A python client to query the various stats.nba.com resources and download data into delta lake tables for further analysis. I started this project to mainly explore and get familiar with a number of different technologies mainly:-

  • Ray.io
  • Delta Lake
  • Advanced Python

A simple client capable of querying various stats.nba.com endpoints and storing the data onto disk as Delta/Parquet tables. The client can query a given endpoint with multiple different query parameters in parallel, using Ray tasks. Documentation of the various endpoints can be found here

PyPi project

Installation

pip install nba-dataloader

Usage

Also see notebooks for more examples

Show help

py -m nba_dataloader --help
usage: __main__.py [-h] [--params PARAMS] [--partition_by PARTITION_BY] [--mode {overwrite,append,error,ignore}]
                   [--location LOCATION]
                   resource

Downloads data from stats.nba.com and persists on disk as delta tables

positional arguments:
  resource              Will make a request to --> https://stats.nba.com/stats/<endpoint>

options:
  -h, --help            show this help message and exit
  --params PARAMS       A python module containing variable 'params' for the query
  --partition_by PARTITION_BY
                        The column to partition by
  --mode {overwrite,append,error,ignore}
                        The write mode
  --location LOCATION   Location to write the fetched data, defaults to tmp/

Fetch data from resource endpoint

Lets try the resource CommonTeamYears, which takes only one parameter LeagueId

py -m nba_dataloader commonTeamYears --params my_request_params

The --params parameter accepts a python file or module that contains a variable param: list[dict] in the above example the contents of my_request_params is

params = [{
    "LeagueID":"00"
}]

The parameters specified in the file are used to make a web service request to https://stats.nba.com/commonTeamYears with the appropriate request headers. The response json is parsed and converted into a delta table that is stored in the folder tmp/ of the directory in which the script was run. This default location can be overridden using the ---location command line parameter.

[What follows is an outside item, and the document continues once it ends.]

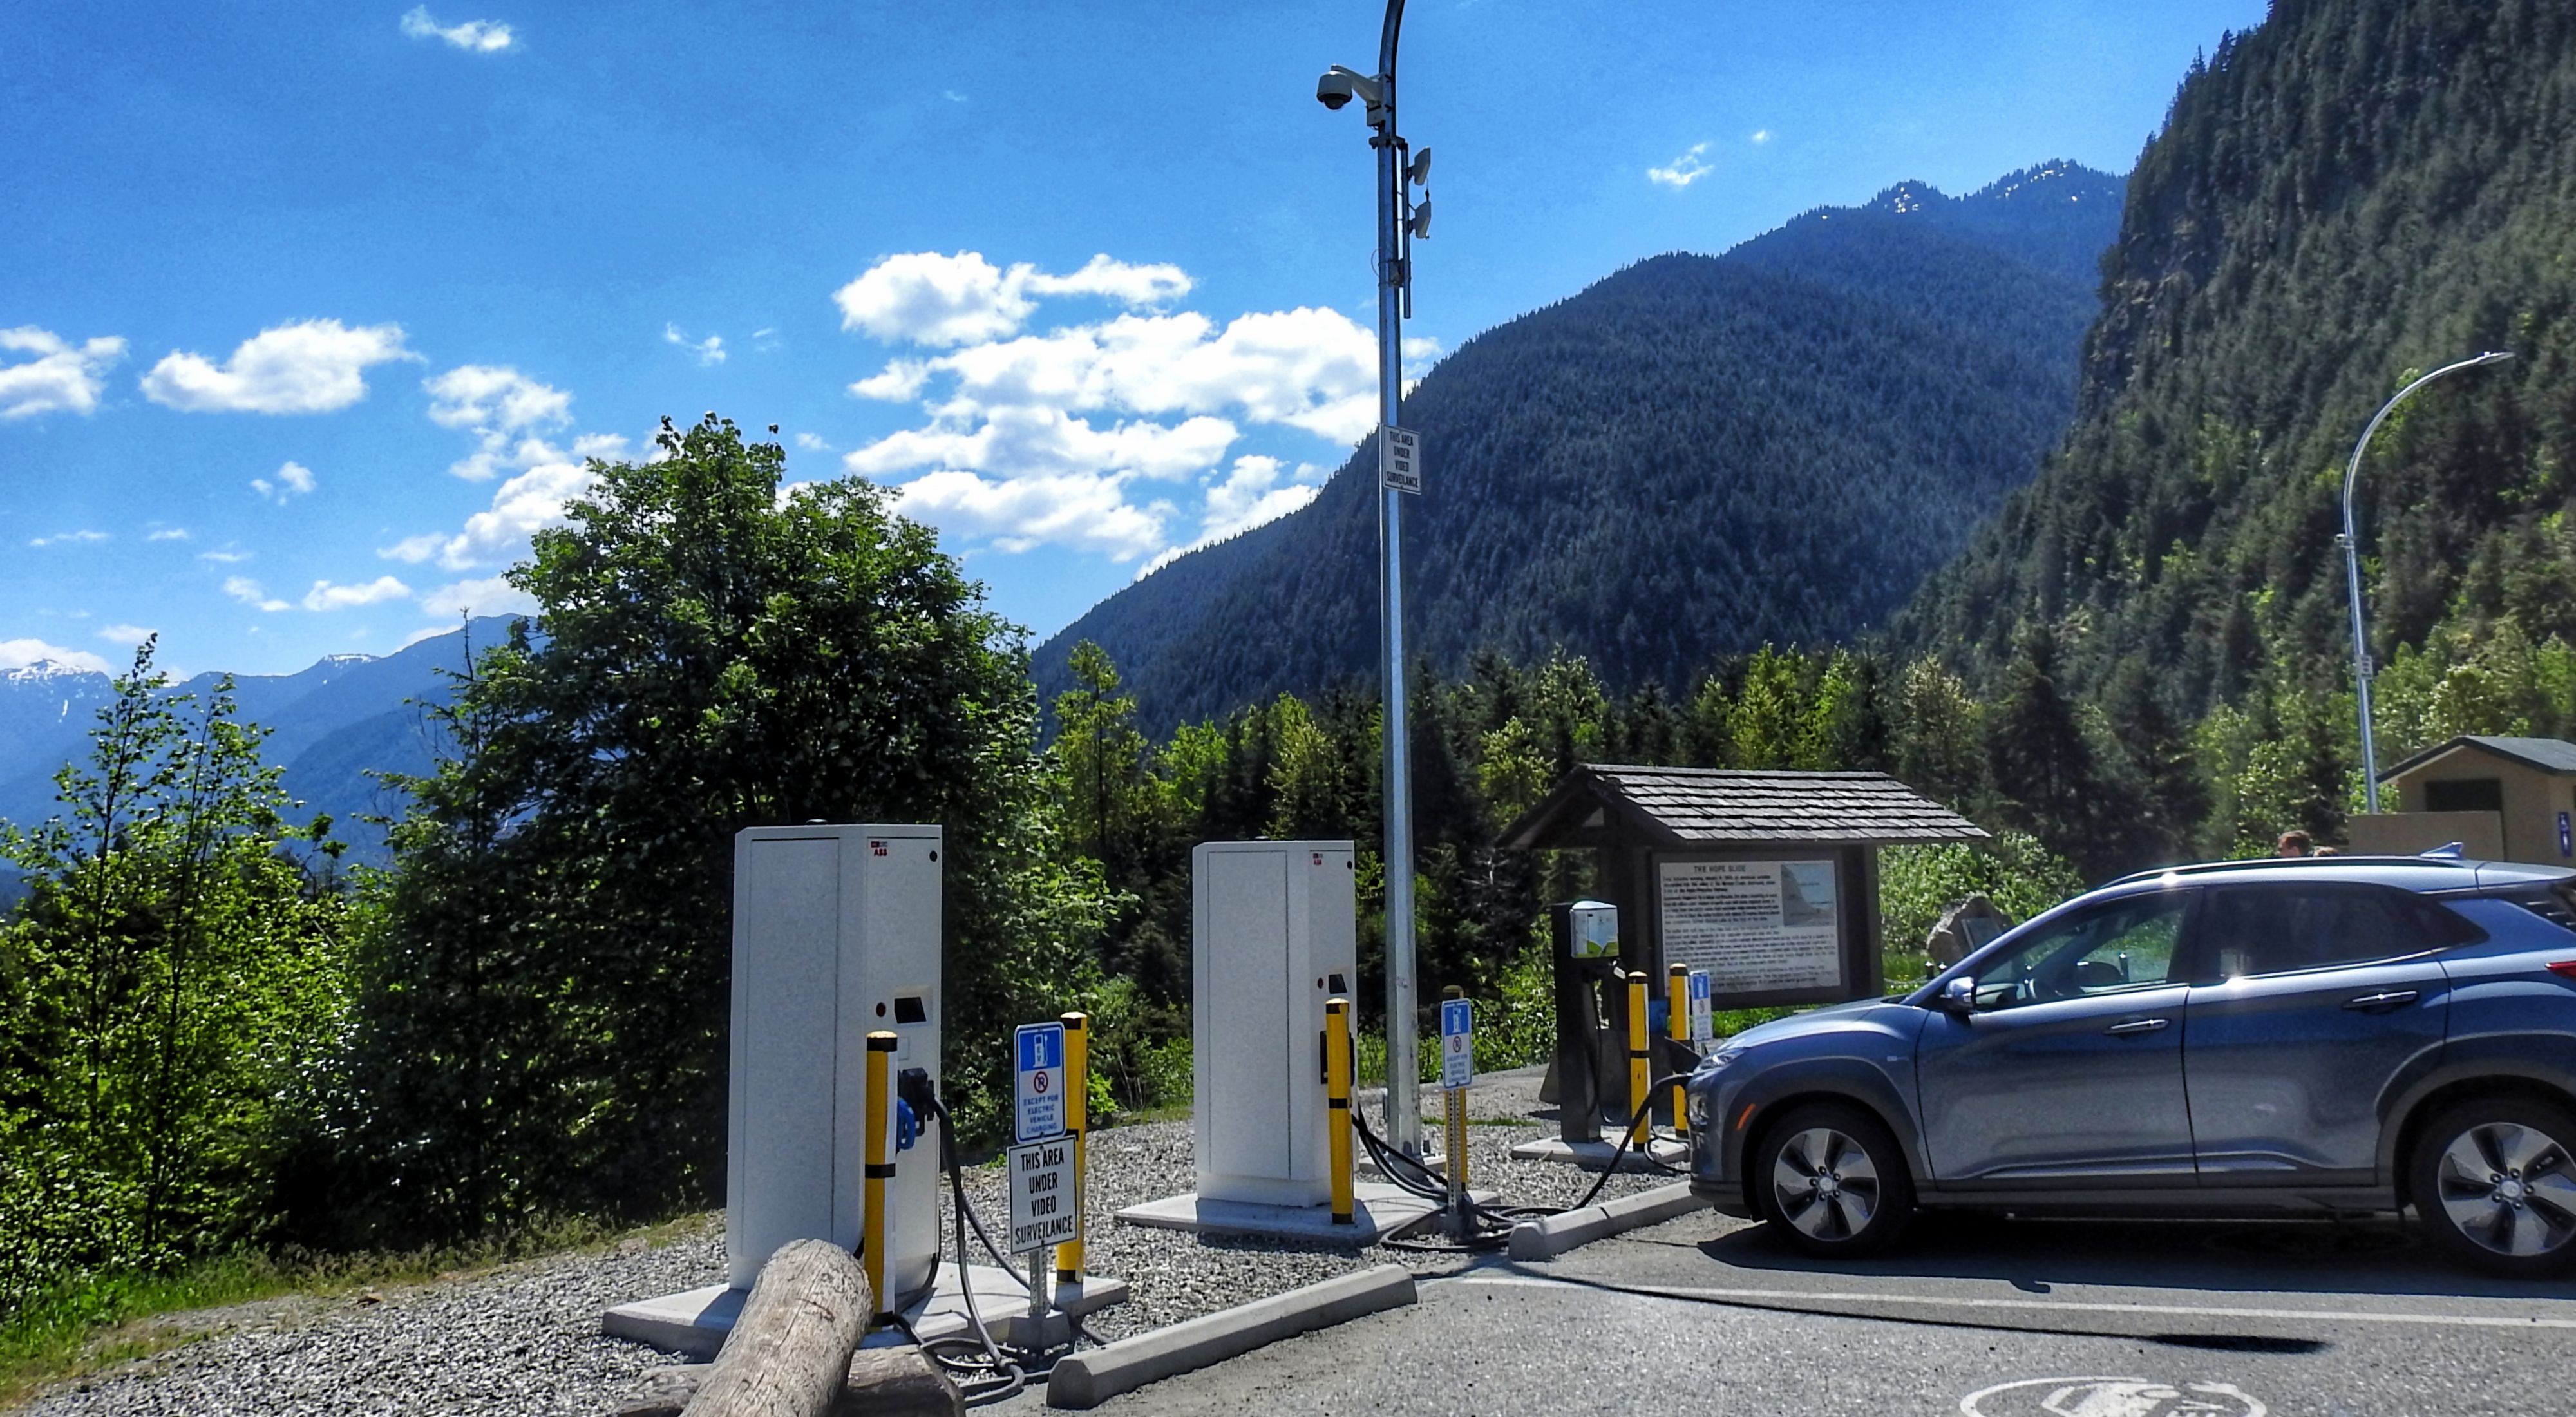 Estación de carga eléctrica para autos: ¿cómo funciona?

Fetch data for multiple seasons from the resource "leaguedashplayerstats"

Note that params is an array of dict, if multiple dicts are provided each of the dict objects corresponds to a separate web service request and each response is appended to a single delta table.

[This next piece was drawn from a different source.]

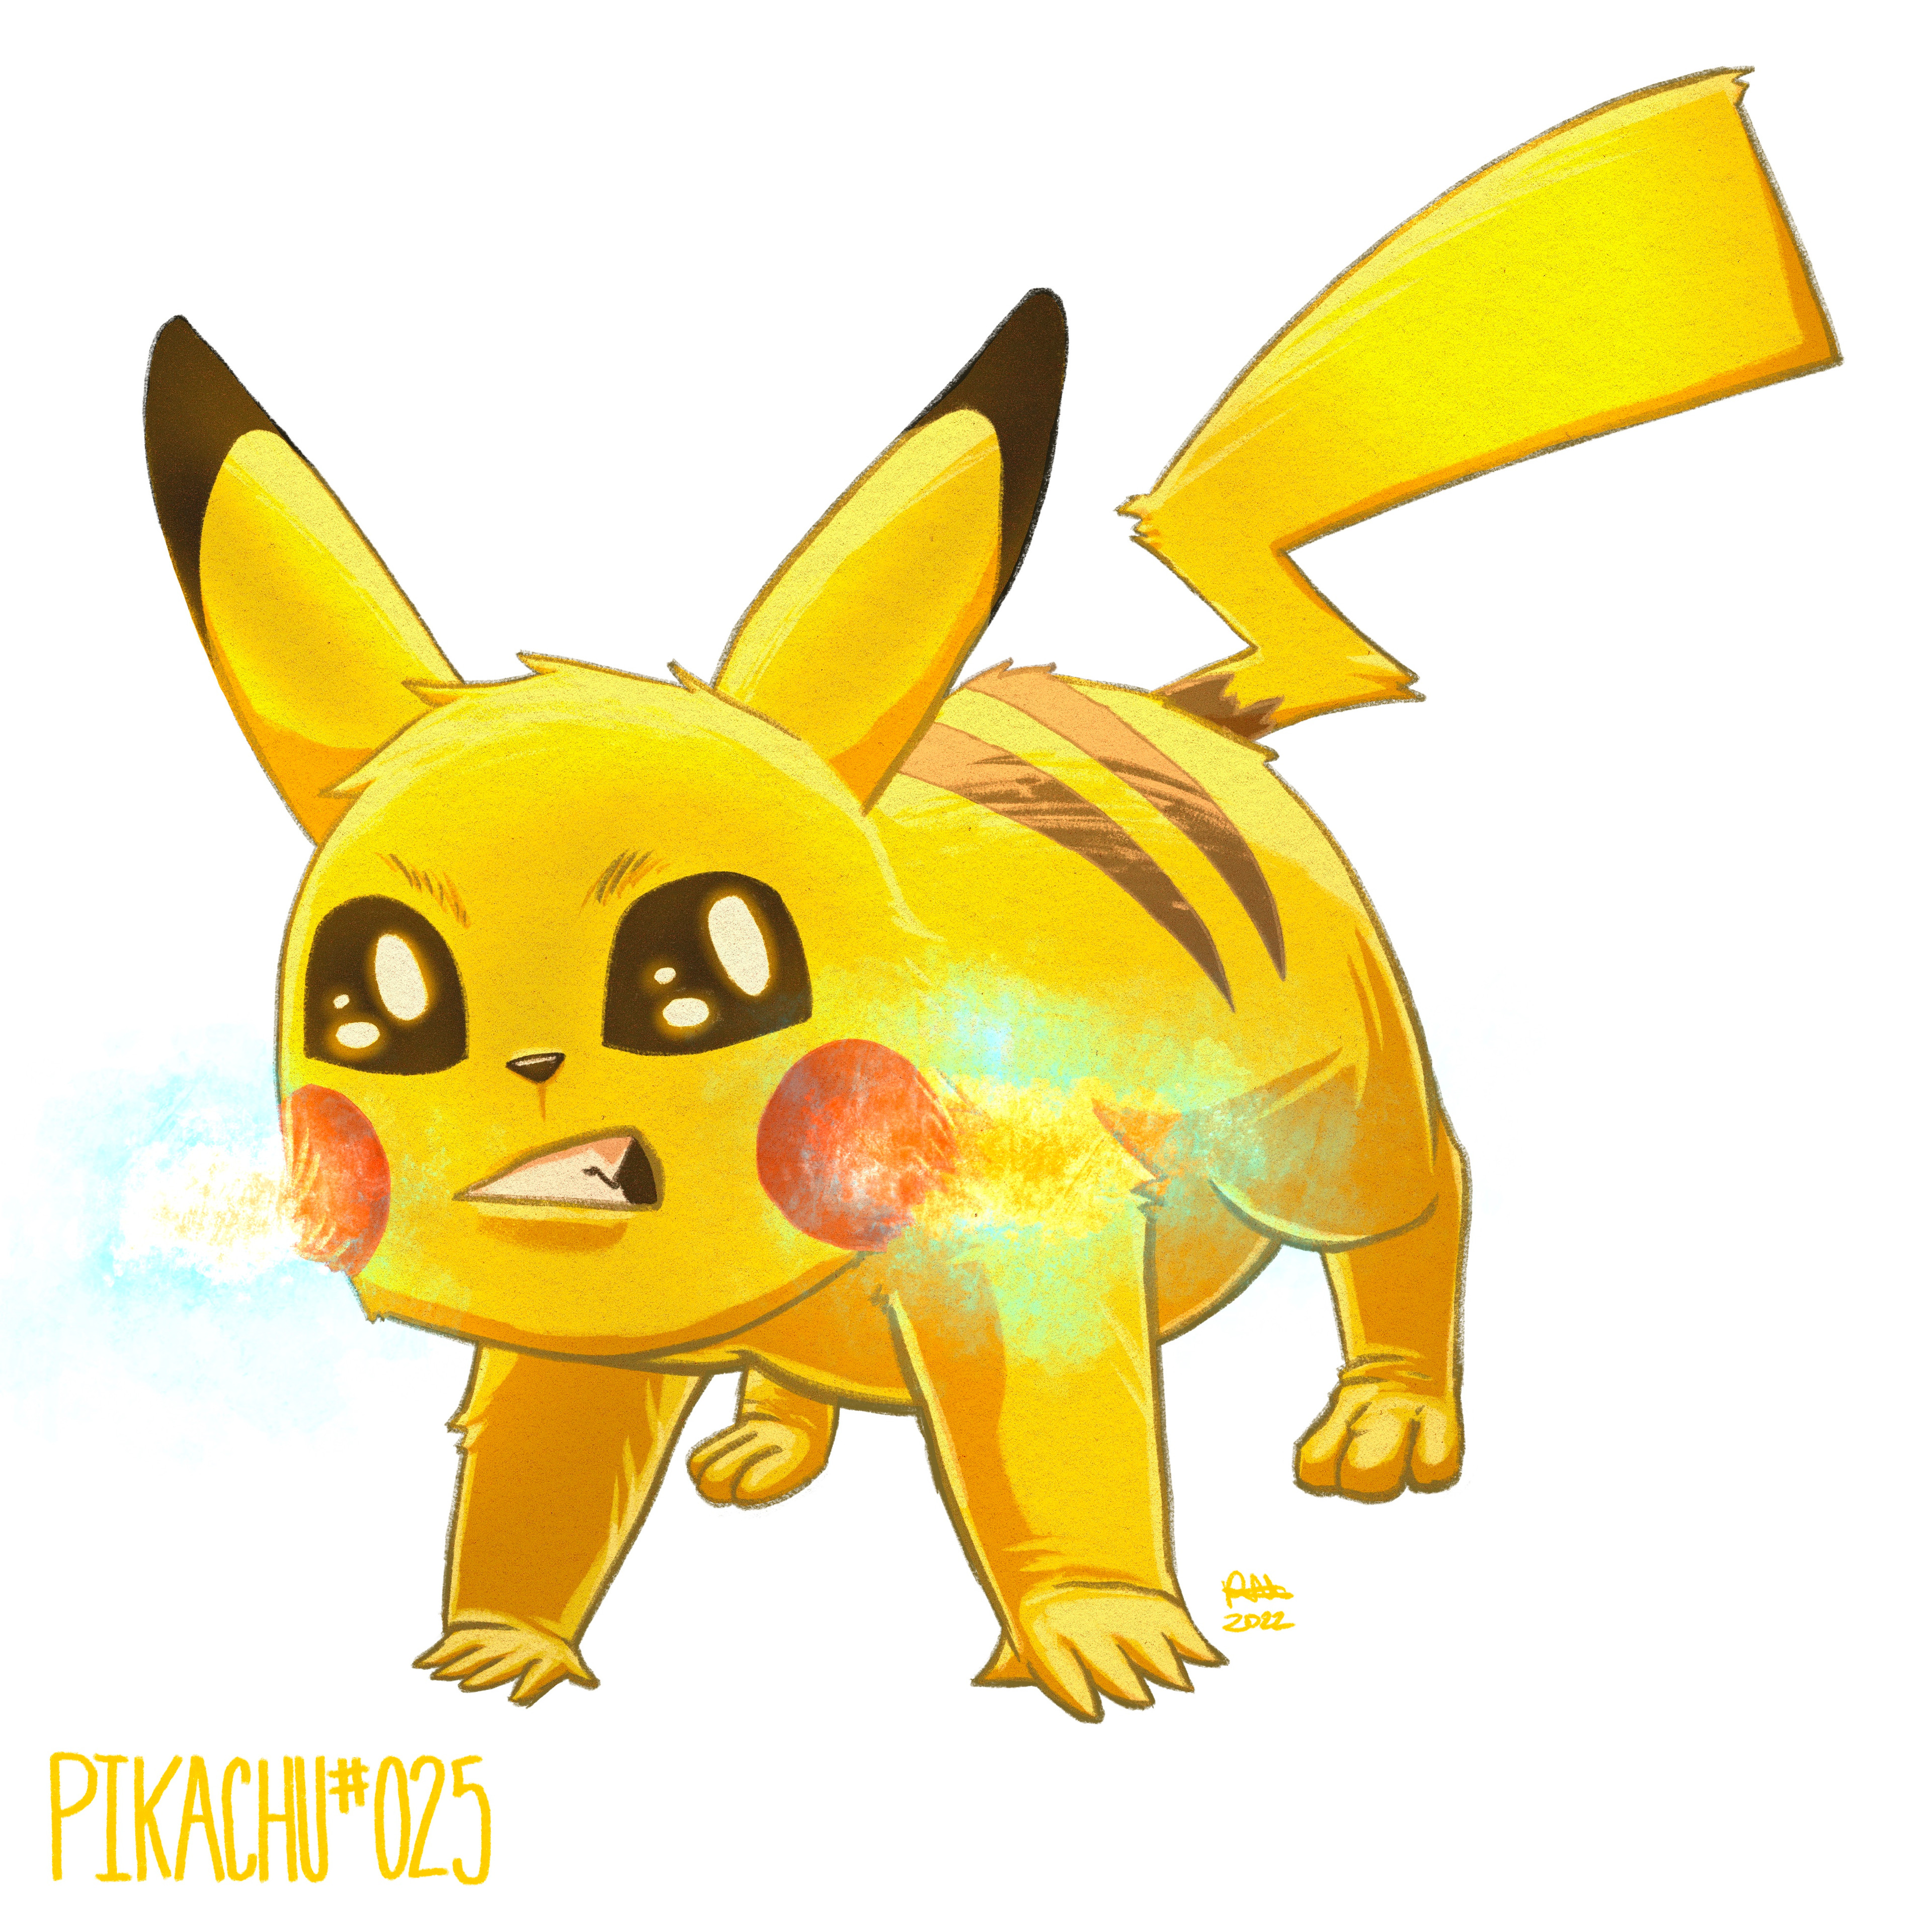 Pikachu - Yellow

py -m nba_dataloader leaguedashplayerstats --params multiple_season_params

Contents of multiple_season_params.py is:

base_params_dict = {
        "LastNGames": 0,
        "LeagueID": "00",
        "MeasureType": "Base",
        "Month": 0,
        "OpponentTeamID": 0,
        "PORound": 0,
        "PaceAdjust": "N",
        "PerMode": "Totals",
        "Period": 0,
        "PlusMinus": "N",
        "Rank": "N",
        "SeasonType": "Regular Season",
        "TeamID": 0
}
seasons = {'1996-97', '1997-98', '1998-99', '1999-00', '2000-01', '2001-02', '2002-03', '2003-04', '2004-05',
           '2005-06', '2006-07', '2007-08', '2008-09', '2009-10', '2010-11', '2011-12', '2012-13', '2013-14',
           '2014-15', '2015-16', '2016-17', '2017-18', '2018-19', '2019-20', '2020-21', '2021-22', '2022-23'}
params = map(lambda season: {'Season': season} | base_params_dict, seasons)

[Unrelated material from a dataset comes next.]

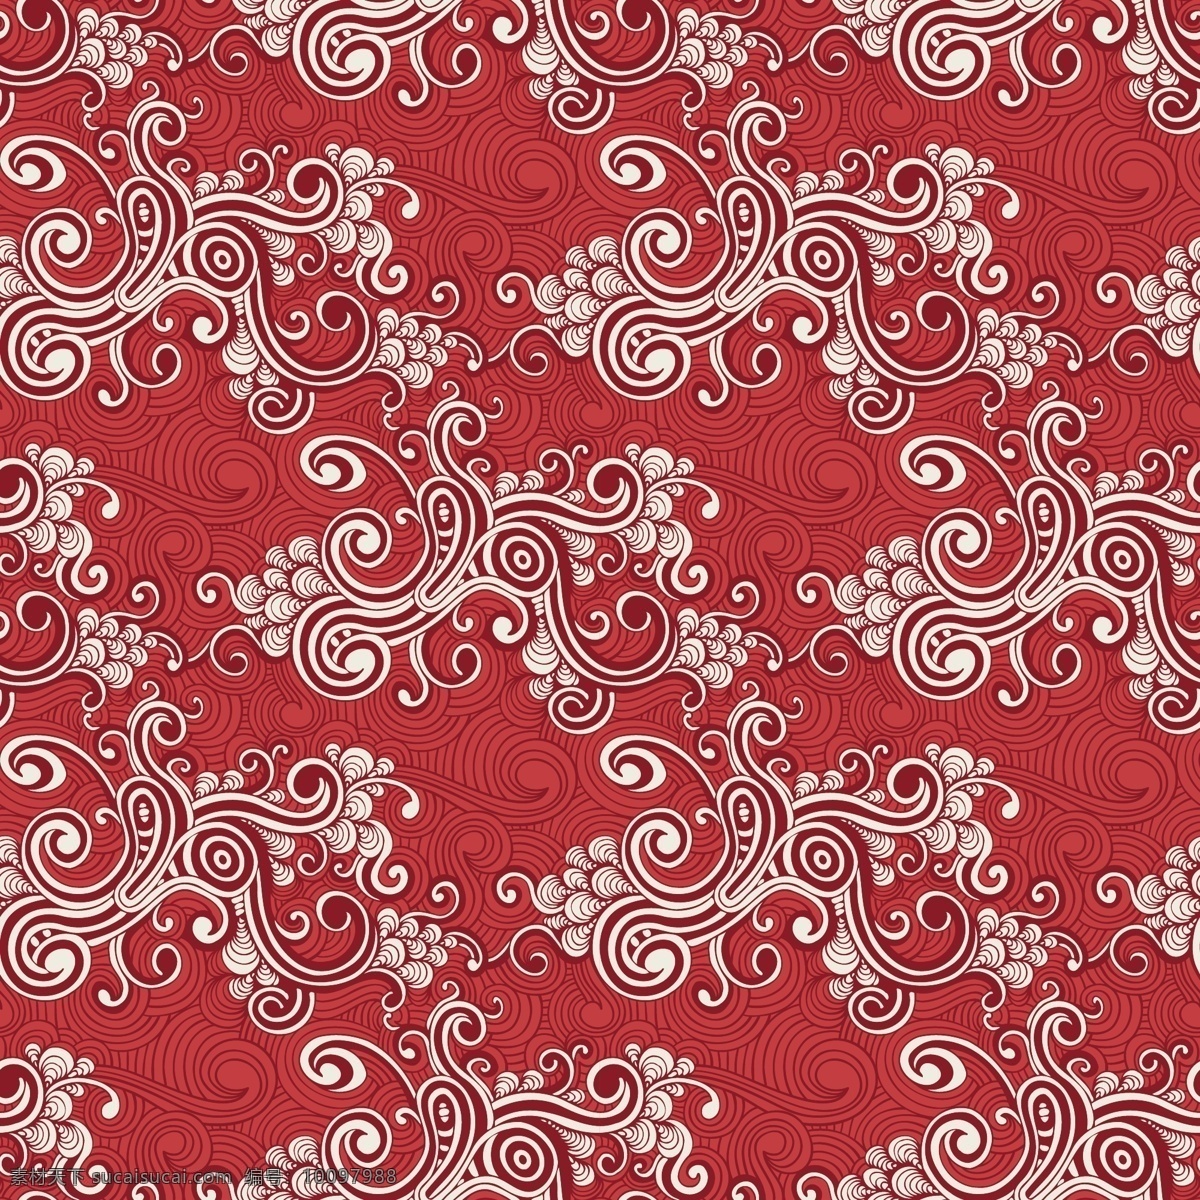 红色漩涡图案 复古 图案 抽象 装饰 模式 漩涡 红色 抽纱 卷发 装饰品 流体

In the above code params is a list of dicts constructed by adding a new attribute 'Season:' to the base_params_dict for each of the seasons and building a list of dicts

The resulting value of params is

params = [
{
        "LastNGames": 0,
        "LeagueID": "00",
        "MeasureType": "Base",
        "Month": 0,
        "OpponentTeamID": 0,
        "PORound": 0,
        "PaceAdjust": "N",
        "PerMode": "Totals",
        "Period": 0,
        "PlusMinus": "N",
        "Rank": "N",
        "SeasonType": "Regular Season",
        "TeamID": 0,
        "Season": "1996-97" # <--- Note the new attribute season
},
{
        "LastNGames": 0,
        "LeagueID": "00",
        "MeasureType": "Base",
        "Month": 0,
        "OpponentTeamID": 0,
        "PORound": 0,
        "PaceAdjust": "N",
        "PerMode": "Totals",
        "Period": 0,
        "PlusMinus": "N",
        "Rank": "N",
        "SeasonType": "Regular Season",
        "TeamID": 0,
        "Season":"1997-98"
}
{},{}..
]

Project details


Download files

Download the file for your platform. If you're not sure which to choose, learn more about installing packages.

Source Distribution

nba_dataloader-1.0.5.tar.gz (17.2 kB view details)

Uploaded Source

Built Distribution

If you're not sure about the file name format, learn more about wheel file names.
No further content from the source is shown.